MSA Generation Tool Documentation

This documentation provides an overview of two Python scripts designed to automate the process of generating multiple sequence alignments (MSA) using either jackhmmer or mmseqs2.

JackHMMeR Multiple Sequence Alignment

Overview

This script is designed to generate a Multiple Sequence Alignment (MSA) using jackhmmer. It processes a target sequence provided in FASTA format and outputs the resulting MSA in a format compatible with tools like colabfold_batch.

Key Features: - Configurable via command-line arguments or a JSON configuration file. - Supports the use of a RAM disk for improved performance. - Saves the resulting MSA in a specified output directory.

Usage

To run the script, use the following command:

jackhmmer_msa --config_file <path_to_config> --sequence_path <path_to_fasta> --output_path <output_dir> [optional arguments]

Command-Line Arguments: - –config_file: Path to the JSON configuration file. - –sequence_path: Path to the FASTA file containing the target sequence. - –output_path: Path to save the results. - –jobname: The job name (optional). - –homooligomers: Number of copies of the protein (optional). - –use_ramdisk: Whether to use a RAM disk for the process (optional, requires root access).

Example

jackhmmer_msa --config_file config.json --sequence_path input.fasta --output_path ./results

mmseqs2 Multiple Sequence Alignment

Overview

This script is designed to generate a Multiple Sequence Alignment (MSA) using mmseqs2. Similar to the jackhmmer script, it processes a target sequence provided in FASTA format and outputs the resulting MSA.

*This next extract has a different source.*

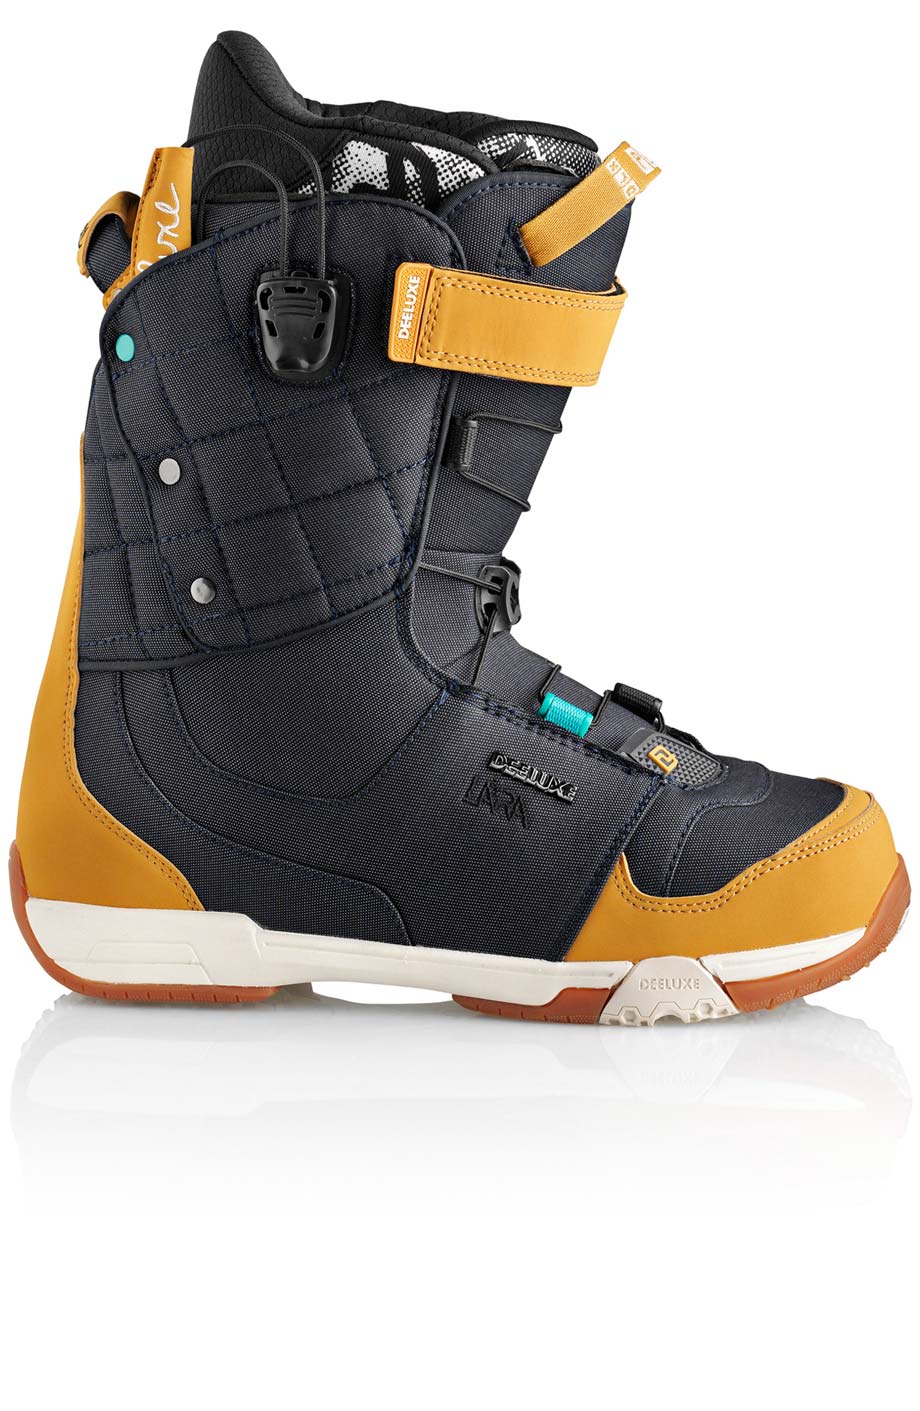 Ботинки сноубордические Deeluxe Ray Lara  размер 25,5 denim (темный джинс + беж кож.зам) 2013 год

Key Features: - Configurable via command-line arguments or a JSON configuration file. - Saves the resulting MSA and associated files in the specified output directory.

Usage

To run the script, use the following command:

mmseqs2_msa --config_file <path_to_config> --sequence_path <path_to_fasta> --output_path <output_dir> [optional arguments]

Command-Line Arguments: - –config_file: Path to the JSON configuration file. - –sequence_path: Path to the FASTA file containing the target sequence. - –output_path: Path to save the results. - –jobname: The job name (optional).

Example

mmseqs2_msa --config_file config.json --sequence_path input.fasta --output_path ./results

Configuration Files

Both scripts allow configuration through a JSON file. Below is an example configuration file:

{
    "sequence_path": "input.fasta",
    "output_path": "./results",
    "jobname": "prediction_run",
    "homooligomers": 1,
    "use_ramdisk": false,
    "tmp_dir": "./tmp"
}

Output

Both scripts save the resulting MSA in the specified output directory. The MSA file can be used for downstream analyses, such as structure prediction or further alignment refinement.